[[ Dataset content open ]]

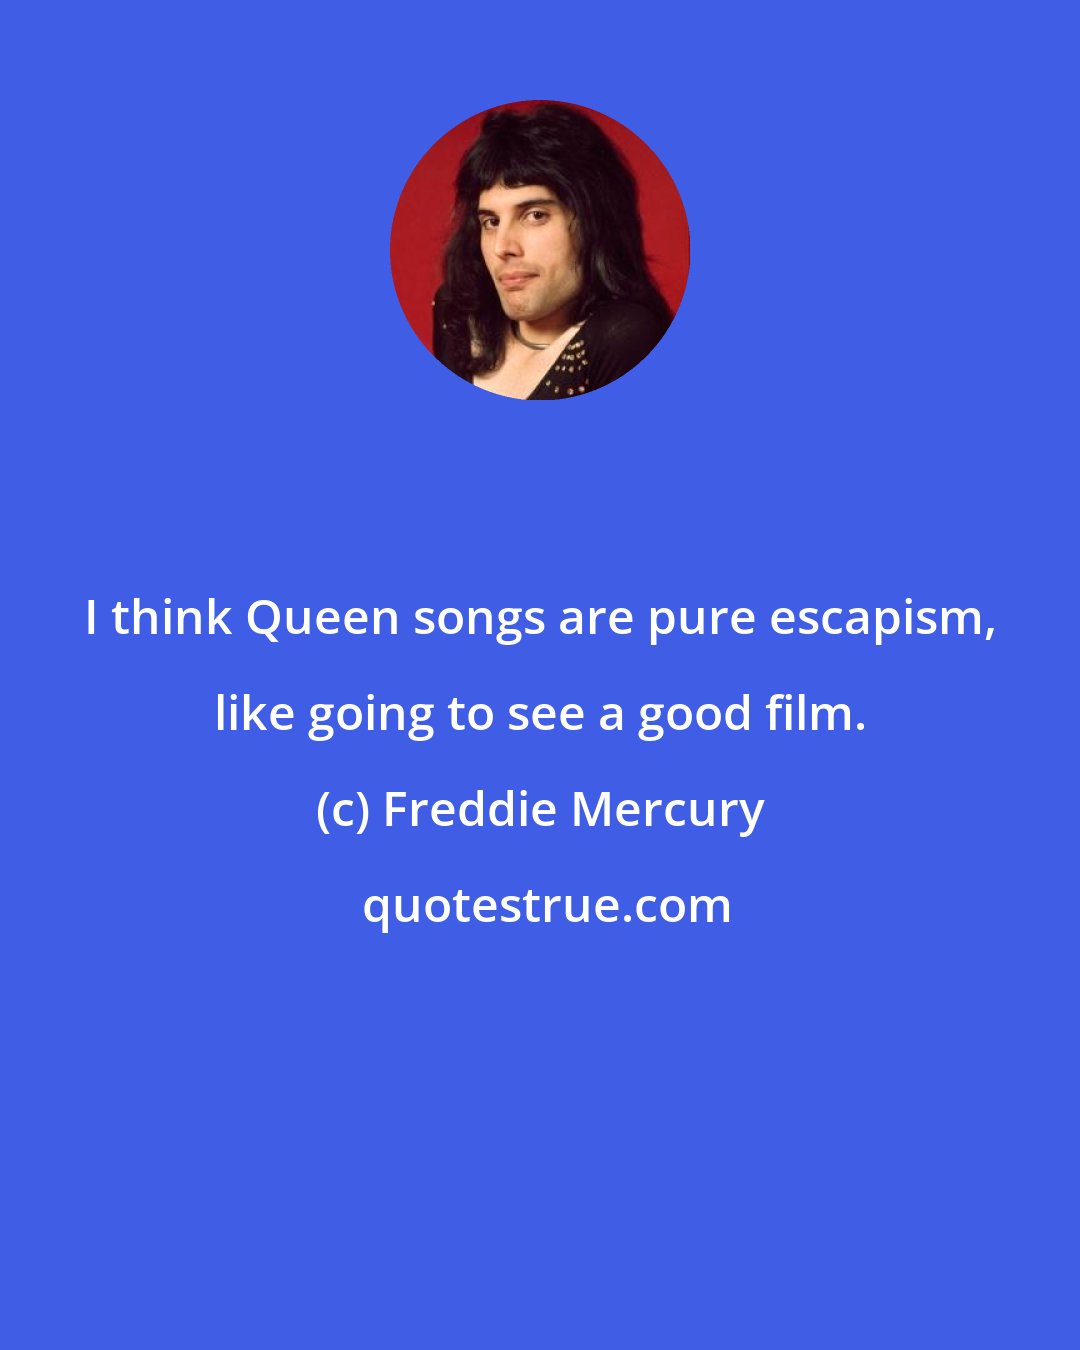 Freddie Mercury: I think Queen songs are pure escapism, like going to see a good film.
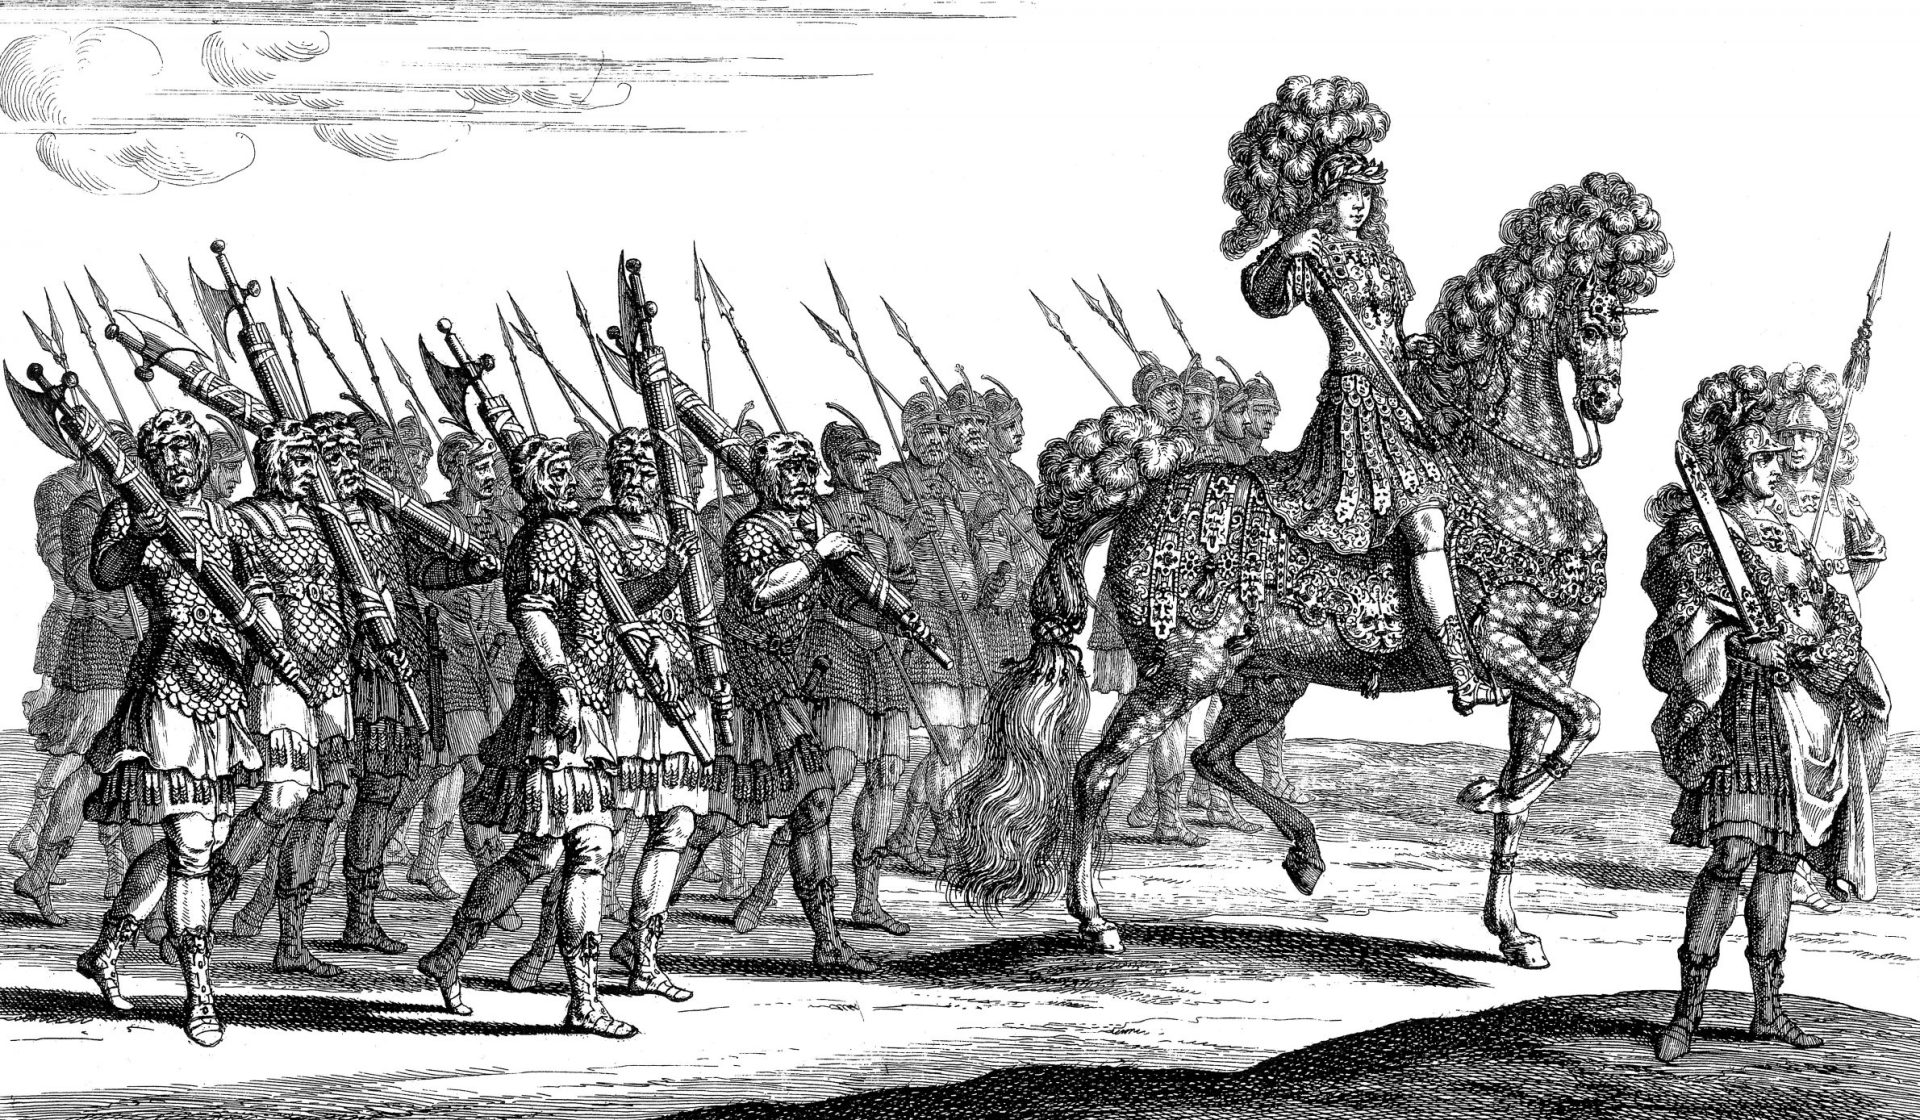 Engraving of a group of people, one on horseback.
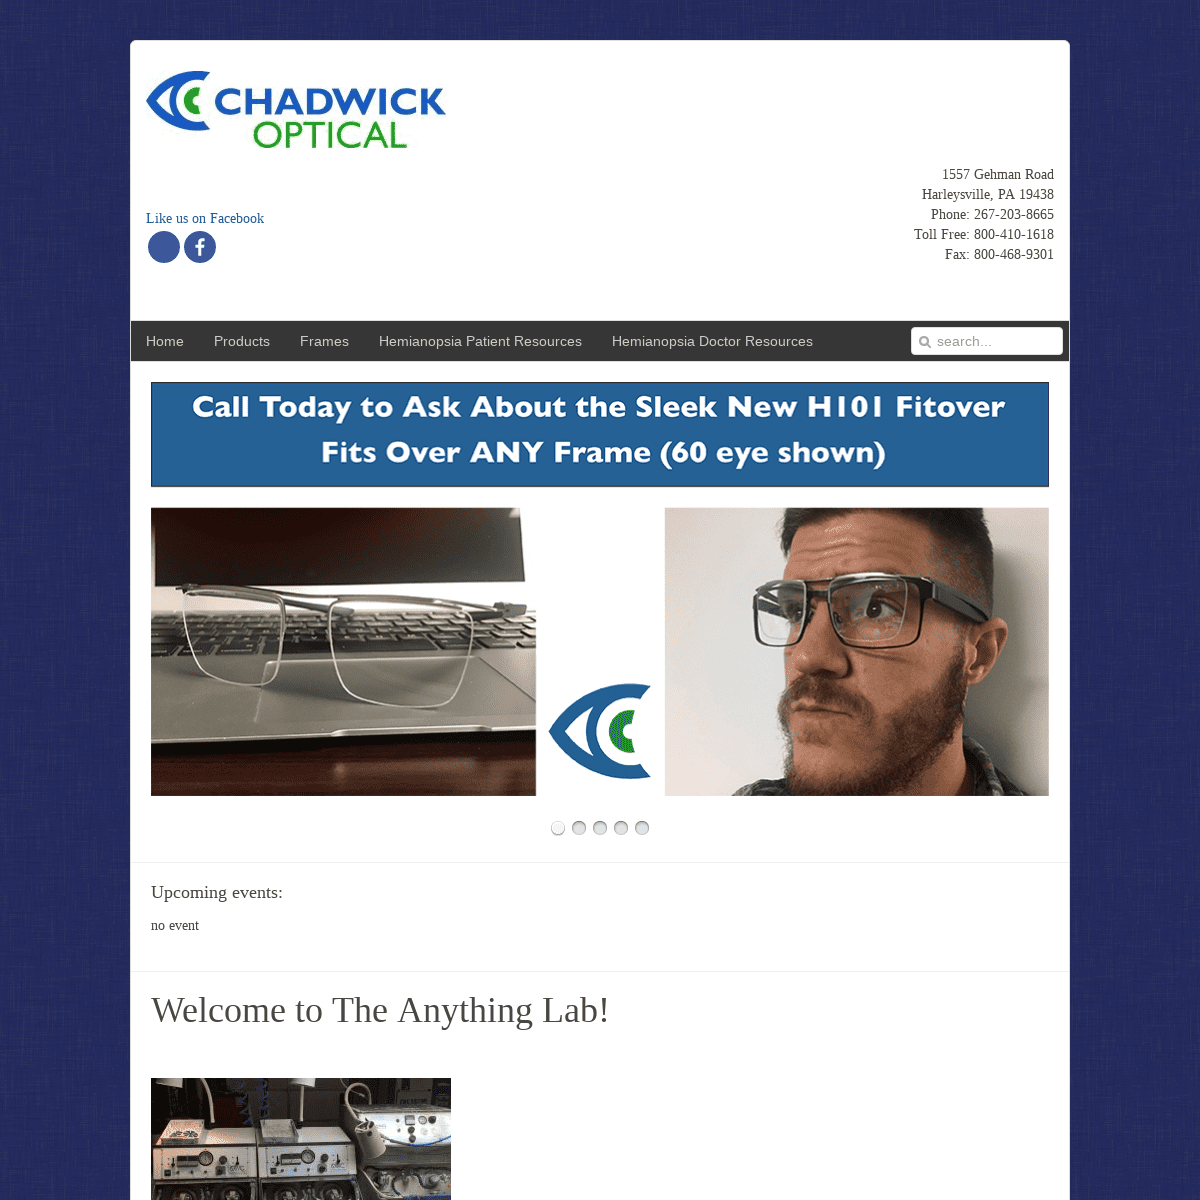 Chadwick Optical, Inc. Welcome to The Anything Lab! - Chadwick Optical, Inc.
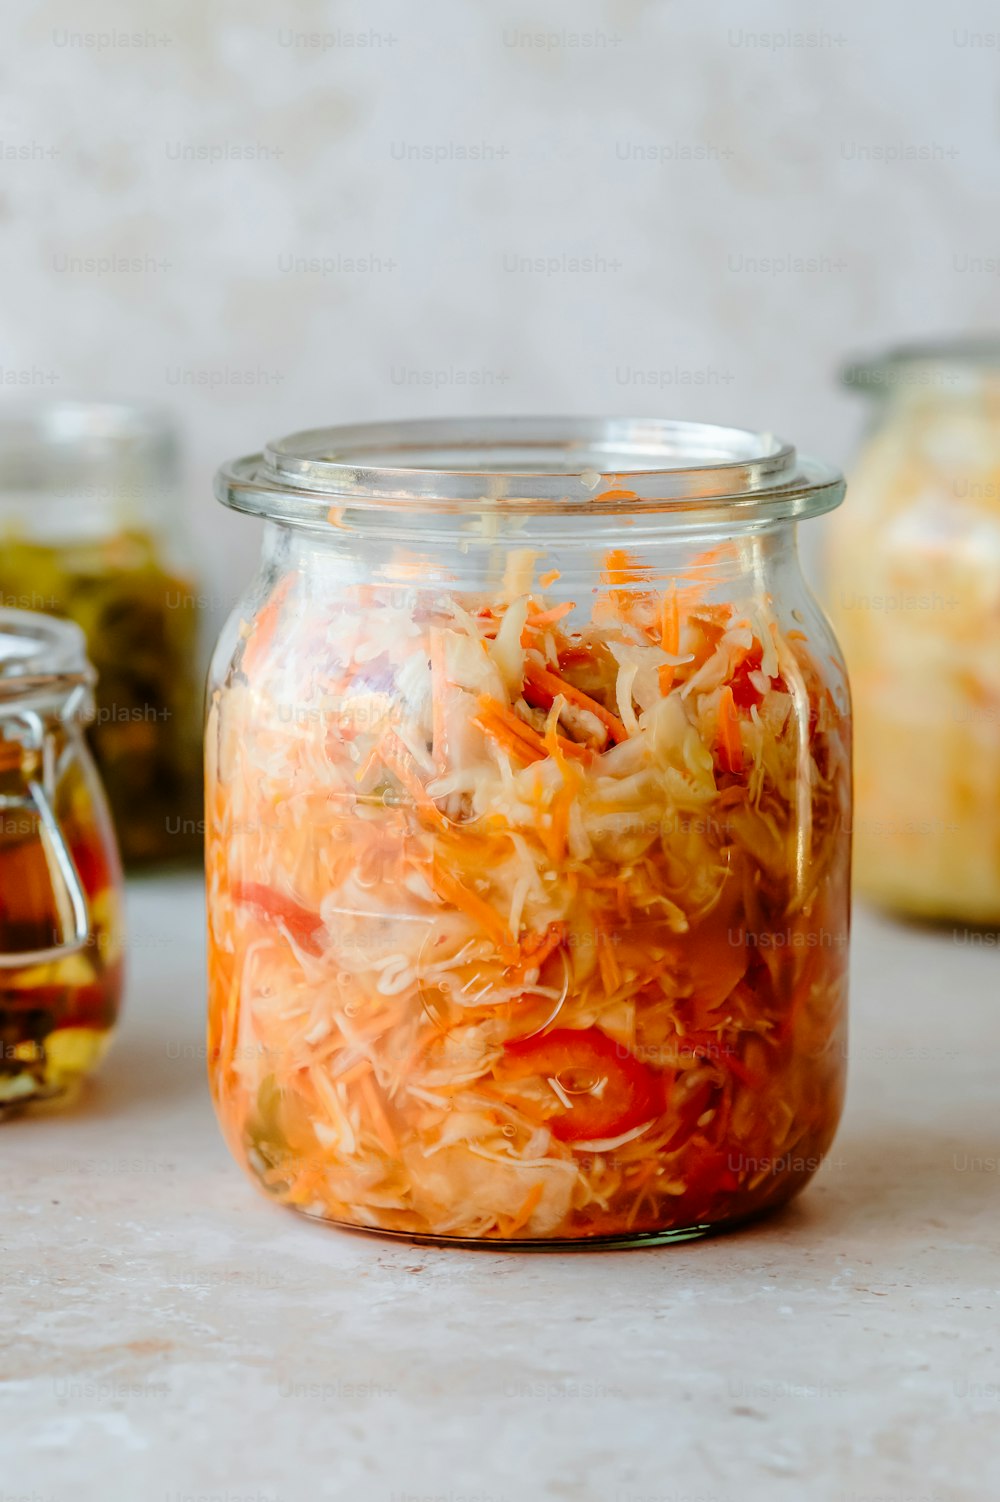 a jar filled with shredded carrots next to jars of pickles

[[ Dataset content closed ]]

Exercise directions
Could you repeat each line above exactly as written? Omit the pictures.

Final answer
 Freddie Mercury: I think Queen songs are pure escapism, like going to see a good film.
 Engraving of a group of people, one on horseback.
 Chadwick Optical, Inc. Welcome to The Anything Lab! - Chadwick Optical, Inc.
 a jar filled with shredded carrots next to jars of pickles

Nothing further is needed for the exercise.